Before CGI, there was optical printing. The low tech transfer of one image onto another through superimposition and double exposure, along with other cinematographer tricks like rear and front projection and matte paintings, were among the venerable techniques used to create startling effects in films from Spellbound to Robocop, and create graphically innovative sequences like the opening titles of the original Thomas Crown Affair. Yes, if we just force our memories back far enough we can remember a time when a director’s attempt to dazzle his audience by bringing an imaginary metropolis to life before their eyes didn’t look like SimCity. The same year Terminator 2 wrought the CGI behemoth that dominates movie screens today, von Trier shot the foregrounds and backgrounds of Europa separately, only uniting the layers later in rear projection and optical printing. (N.B. No hate on Terminator 2 here. Unfortunately, it just spawned a wave of awfulness that it could never have foreseen.) In rear projection, a background that has been filmed previously is illuminated onto a screen that actors perform in front of. When properly lighted, the effect is seamless and the stereoscopic vision of the human brain cannot differentiate between the onscreen flat foreground of the actors and the flat background of the projection. Human beings will always accept two dimensional photographs of real humans and places (and even paintings of such objects) over two dimensional computer graphics rendered to show a degree of depth superior to cell animation. In other words, Shrek may be shaded to look more real than Mickey Mouse, but he will never look more real than Jimmy Stewart, or even Jimmy Stewart on a TV being watched by a character in another movie.

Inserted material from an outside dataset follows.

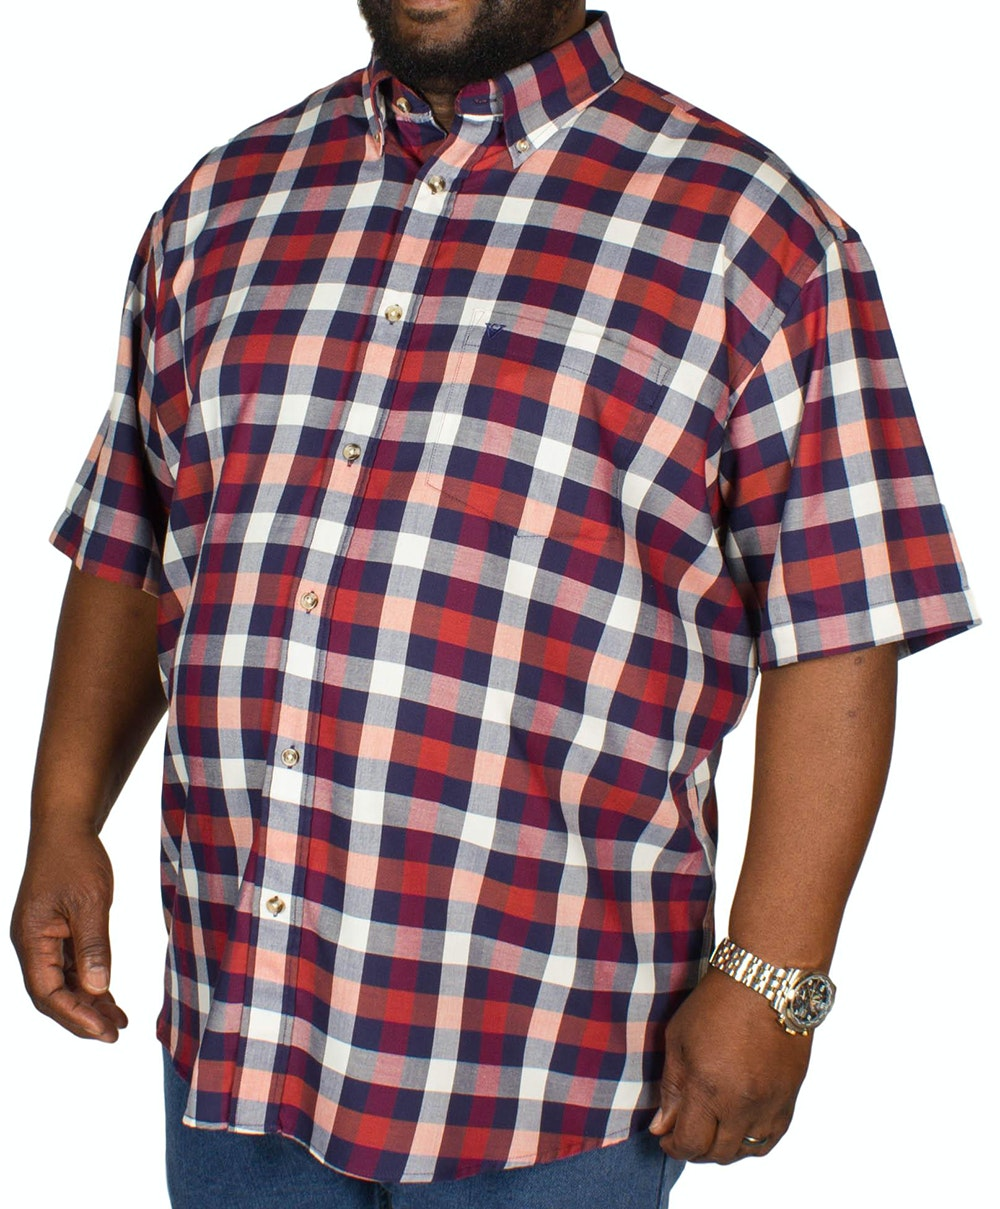 Cotton Valley Check Short Sleeve Shirt Amber/Navy

For Von Trier fans, Europa is full of esoteric treats. Jean-Marc Barr went on to join von Trier’s Dogme movement and directed Dogme #5, Lovers (1999.) Udo Kier, a von Trier regular, gives one of his most-restrained performances as Katie’s self-hating brother. Viewers who watch Europa as the final part of the trilogy will recognize von Trier has a cameo in each film and also seize upon the fact that von Trier and his screenwriter Niels Vørsel play themselves in Epidemic, Von Trier may be a stiff performer, but Vørsel is something of a natural; the highlight of the film is his long relation of a funny story about manipulating several dozen teenage pen pals from Atlantic City.
Europa is the strongest film of trilogy. Visually innovative and evincing a confident handling of suspense from von Trier, the viewer willingly falls under his spell, transported to a nightmarish past that bears an uncomfortable resemblance to our unsettling future.